Тетя Кэролайн оттащила меня от раковины и зашептала, как делают все дамы на Юге, когда им надо сообщить что-то слишком ужасное, чтобы говорить громко:
— Пышка Люсиль. Она пропала.
Пышка Люсиль была сиамской кошкой тети Мерси, которая большую часть своего времени проводила на заднем дворе будучи привязанной за шлейку к бельевой веревке. Именно так по понятиям Сестер должна была выглядеть физическая нагрузка.
- Как это случилось?
Амма опять прикрыла трубку рукой и глянула на меня, сощурив глаза и сжав челюсти — Взгляд.
— Похоже, что кто-то втемяшил твоей тетке в голову идею, что кошек необязательно привязывать, потому что они всегда возвращаются домой. Ты случайно не знаешь, кто бы это мог быть? — это был не вопрос. Мы оба знали, что я твердил об этом годами.
— Но кошки не должны сидеть на поводке, — я попытался обороняться, но было уже поздно.
Амма еще раз зыркнула на меня и повернулась к тете Кэролайн:
- Похоже, что тетя Мерси так и сидит на крыльце в ожидании, глядя на пустую шлейку, свисающую с веревки, — она опять обратилась к трубке. — Заведите ее в дом и накормите, если у нее закружится голова, сделайте ей отвар из одуванчиков.
Пока глаза Аммы совсем не превратились в щелки, я смотался из кухни. Супер. Кошка моей столетней тети пропала, а виноват в этом я. Надо позвонить Линку и узнать, не согласится ли он покружить по городу на машине и поискать Люсиль. Может быть его демо-треки напугают ее достаточно, чтобы выбраться из укрытия.
- Итан? — мой отец стоял в коридоре как раз за кухонной дверью. — Можно тебя на минуту?
Я с ужасом ждал того момента, когда он начнет извиняться за все и будет пытаться объяснить мне, почему игнорировал меня почти что целый год.
— Да, конечно, — но я не был уверен, хочу ли я слушать его объяснения. Я больше не злился. После того как я почти что потерял Лену, я понял, почему мой папа едва не сошел с ума. Я уже не мог представить свою жизнь без Лены, а мой папа любил маму больше восемнадцати лет.
Теперь мне было его жаль, но боль не ушла.
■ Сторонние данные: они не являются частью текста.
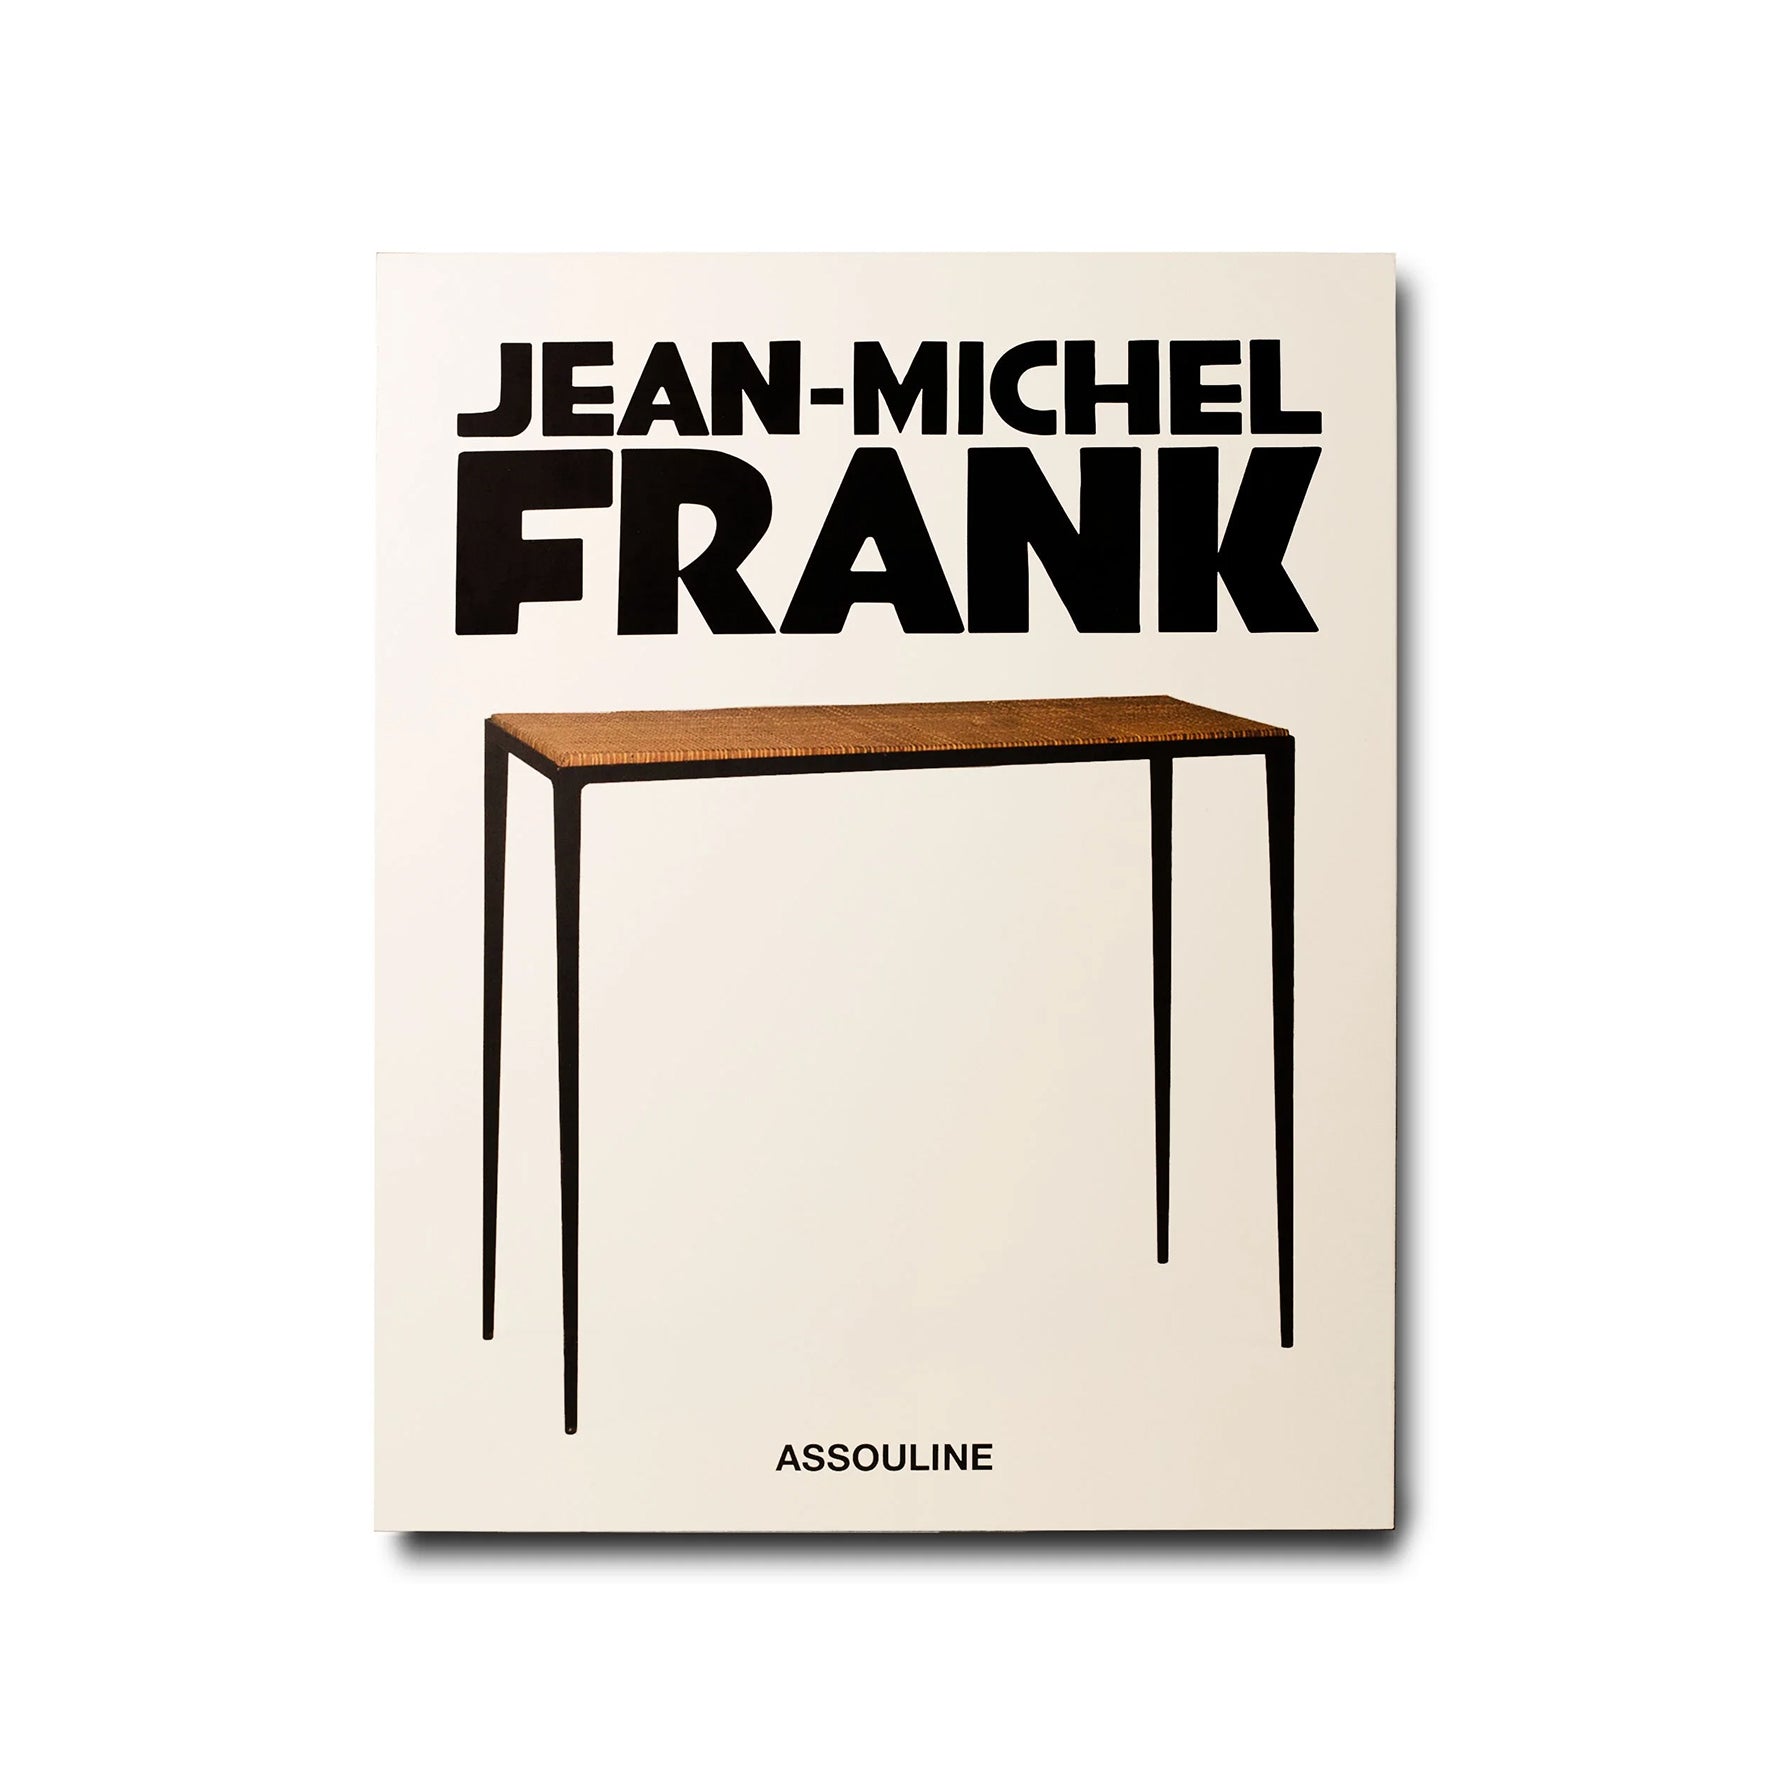 Jean-Michel Frank by Assouline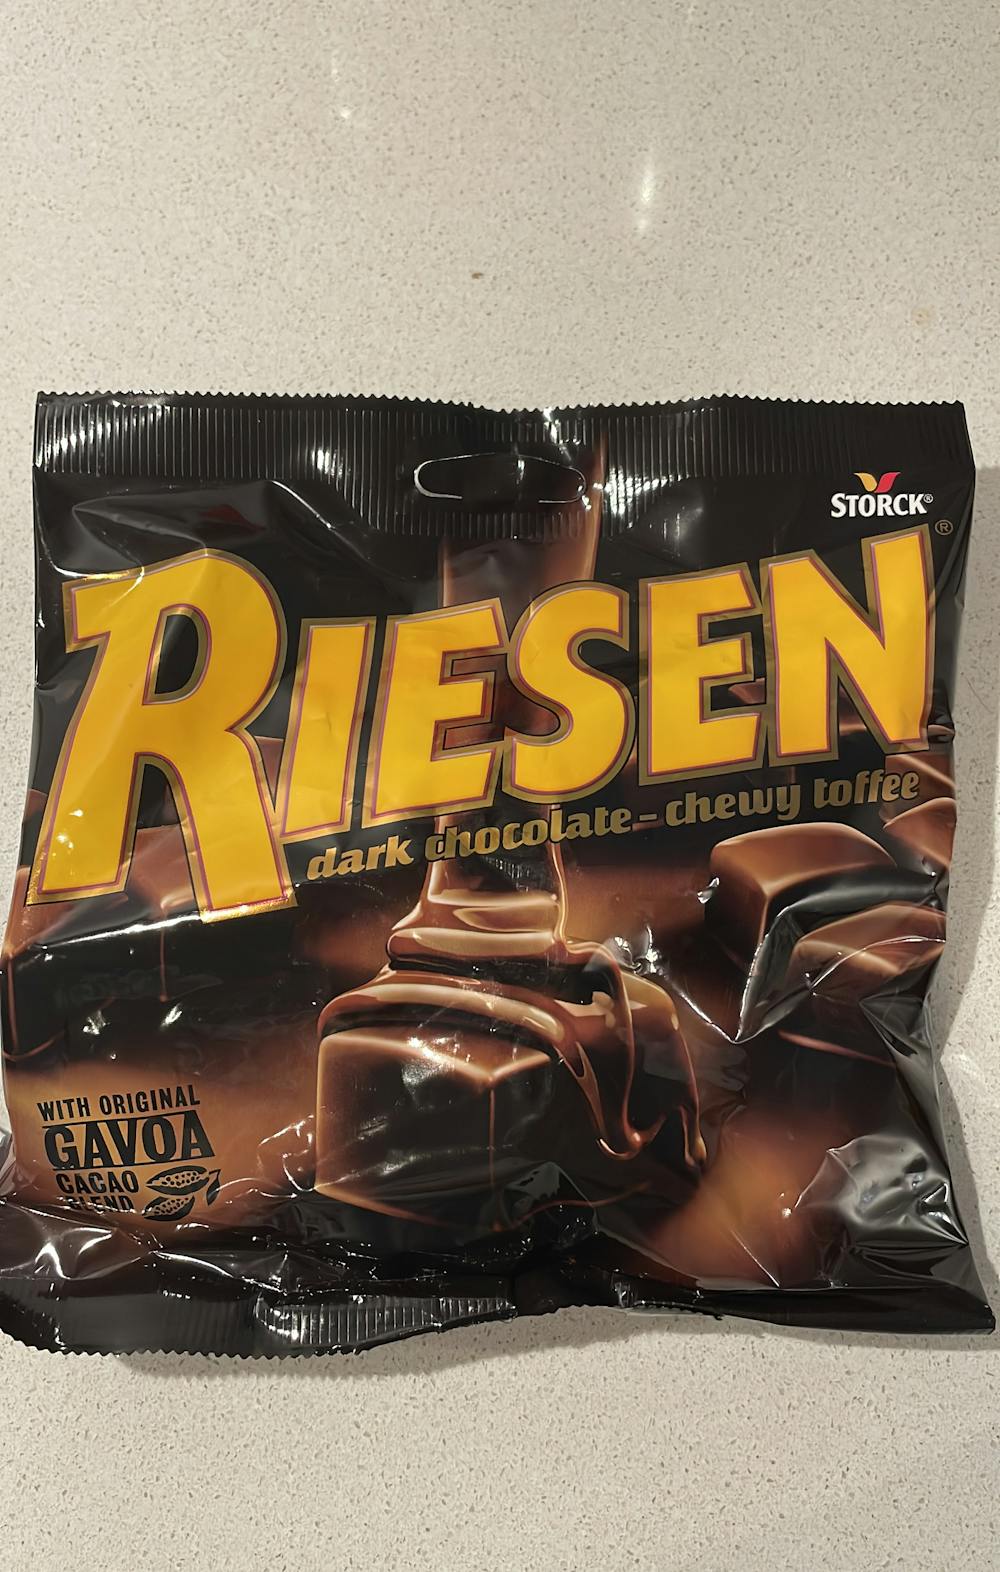 Risen dark chocolate chewy toffee, Riesen

Папа провел рукой по волосам и наклонился ко мне:
- Я хочу сказать тебе, что очень сожалею, — он замолчал, глядя себе под ноги. — Я не знаю, как это случилось. Один день — я сидел там и писал, а на другой — все, что я мог делать, это думать о твоей маме… сидеть на ее стуле, вдыхать запах ее книг, представлять, как она читает у меня за спиной, — он изучал свои руки, как будто говорил сейчас с ними, а не со мной. Может, этому приему их обучают в Синих горизонтах? — Только там я чувствовал ее близость. Я не мог отпустить ее.
Он поднял голову и посмотрел на старый, покрытый штукатуркой потолок, маленькая слеза медленно скатилась по его лицу. Отец потерял любовь всей своей жизни, он потерял себя, совсем как старый, поношенный свитер теряет свою форму. Я все это видел, но ничего не делал. Может быть, стоит обвинять не только его? Я знал, что сейчас мне стоило бы улыбнуться, но не мог.
— Я понимаю, пап. Жаль, что ты ничего мне не говорил. Я тоже очень скучаю по маме. Ты ведь понимаешь это?
Он ответил не сразу.
— Я не знал, что сказать, — прошептал он.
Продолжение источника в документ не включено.